The Company eliminates from our financial results all significant intercompany transactions, including the intercompany transactions with consolidated SVW.

Revenue Recognition. Revenue and related costs are recognized when title passes and risk of loss passes to our customers which generally occurs upon shipment depending upon the terms of the contract.  Under certain contracts with our customers title passes to the customers when the units are completed. The units are segregated from our inventory and identified as belonging to the customer, the customer is notified that the units are complete and awaiting pick up or delivery as specified by the customer before income is recognized. Additionally, the customer is requested to sign an “Invoice Authorization Form” which acknowledges the contract terms and acknowledges that the customer has economic ownership and control over the unit. It also acknowledges that we are going to invoice the unit per terms of the contract. The Company insures any custodial risk that it may retain.

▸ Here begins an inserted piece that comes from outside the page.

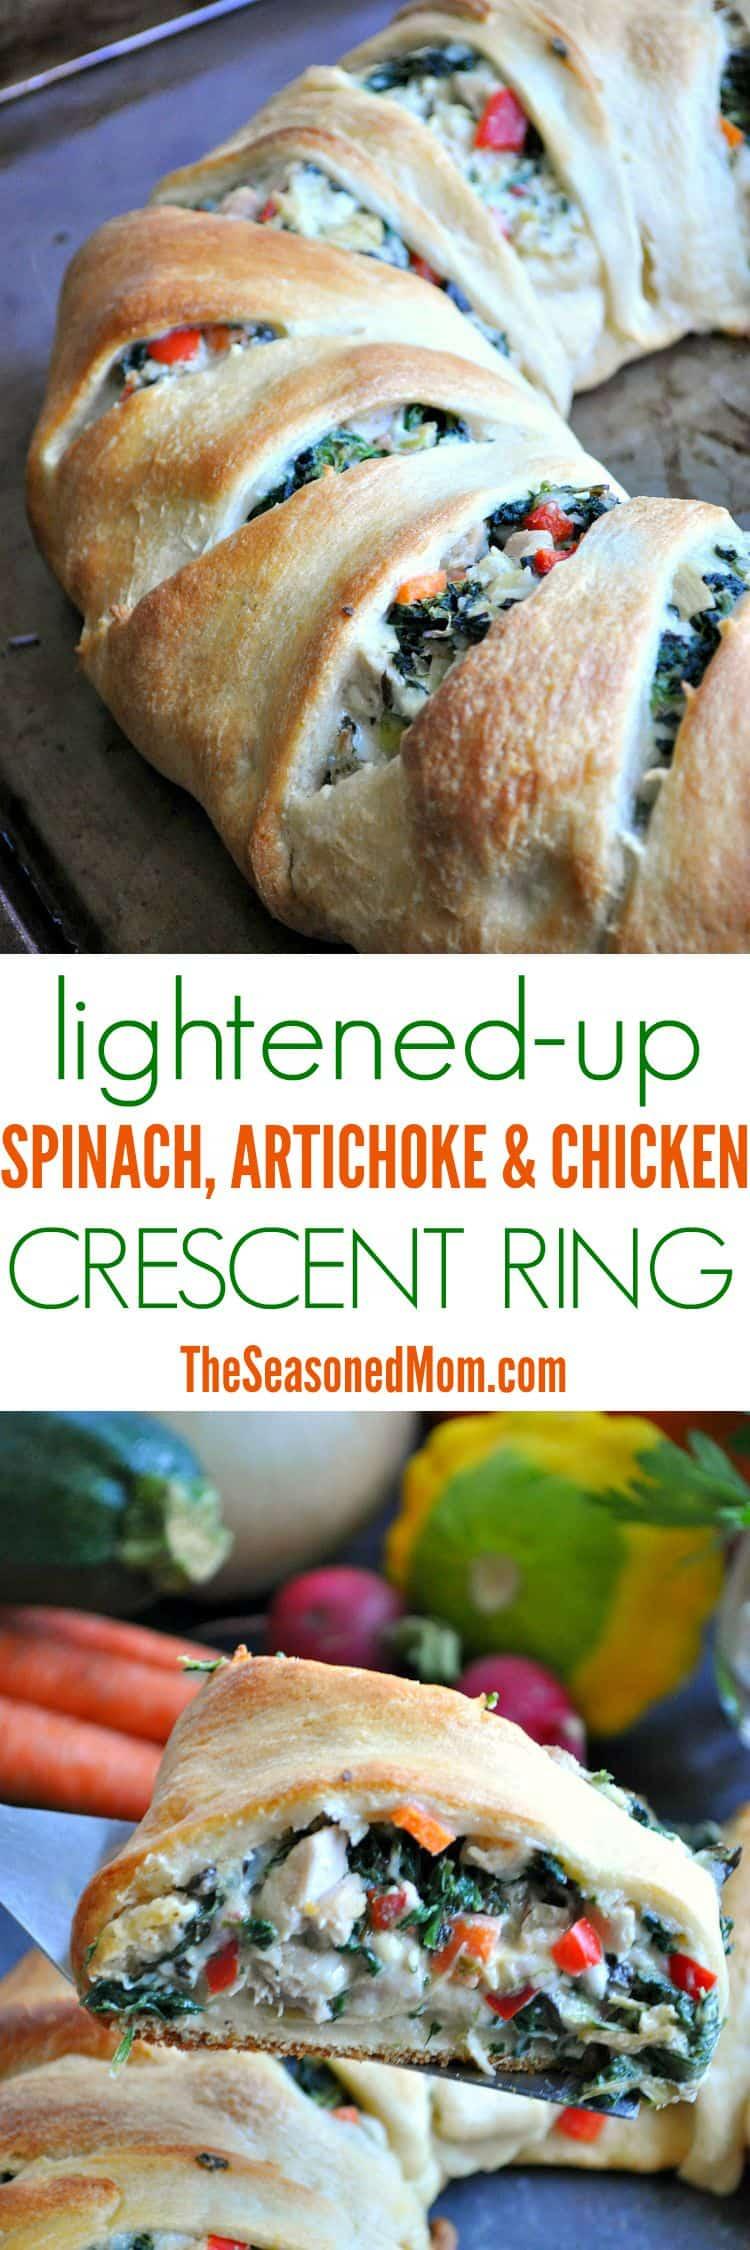 Lightened Up Spinach Artichoke & Chicken Crescent Ring

For FOB contracts, customers may be invoiced prior to the time customers take physical possession. Revenue is recognized in such cases only when the customer has a fixed commitment to purchase the units, the units have been completed, tested and made available to the customer for pickup or delivery, and the customer has authorized in writing that we hold the units for pickup or delivery at a time specified by the customer. In such cases, the units are invoiced under our customary billing terms, title to the units and risks of ownership pass to the customer upon invoicing, the units are segregated from our inventory and identified as belonging to the customer and we have no further obligations under the order. The Company insures any custodial risk that it may retain.

In addition, our policy requires in all instances certain minimum criteria be met in order to recognize revenue, specifically:

a)

Persuasive evidence that an arrangement exists;

b)

The price to the buyer is fixed or determinable;

c)

Collectability is reasonably assured; and

d)

We have no significant obligations for future performance.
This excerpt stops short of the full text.